One final note: Despite you and others whining continuously about this, not a single person here has offered a scientifically plausible alternate source for the unique non-B DNA yet. There's irony for you.

@Antaeus "Here’s a hint: Lee’s pronouncements don’t matter beans until the novel methodology behind them is proven sound. "

You clearly don't get it either. Using nested PCR for amplifying HPV DNA segments is not a novel methodology. You seem incapable of discussing anything about the paper without making up a strawman argument. Let's expand that. Given the number of times you've incorrectly paraphrased me, it seems like you are generally incapable of making any arguments without creating a strawman. Flip may like the strawman, but please, do yourself a favor, and learn something about the topic before you go spouting off further. It seems clear your intent is to waste space and time.
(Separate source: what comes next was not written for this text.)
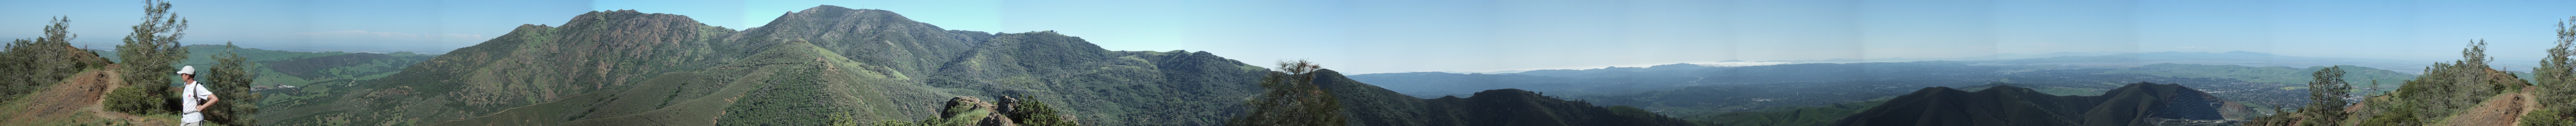 Eagle Peak Panorama - 4/2012

Let’s get back to the real complaint then. You still didn’t address the idea that a self reference is appropriate if you are the only one who has published anything about the thing being studied.

Not a forward, unpublished one, and certainly not one that one has purchased from the same vendor. Oh, wait.

I've already made the point: This should not have been attempted to be passed off as a supporting reference. Put in the freaking conclusion, already, stating that there is something more you've got in the pipeline.

^ "Put it"

One final note: Despite you and others whining continuously about this, not a single person here has offered a scientifically plausible alternate source for the unique non-B DNA yet.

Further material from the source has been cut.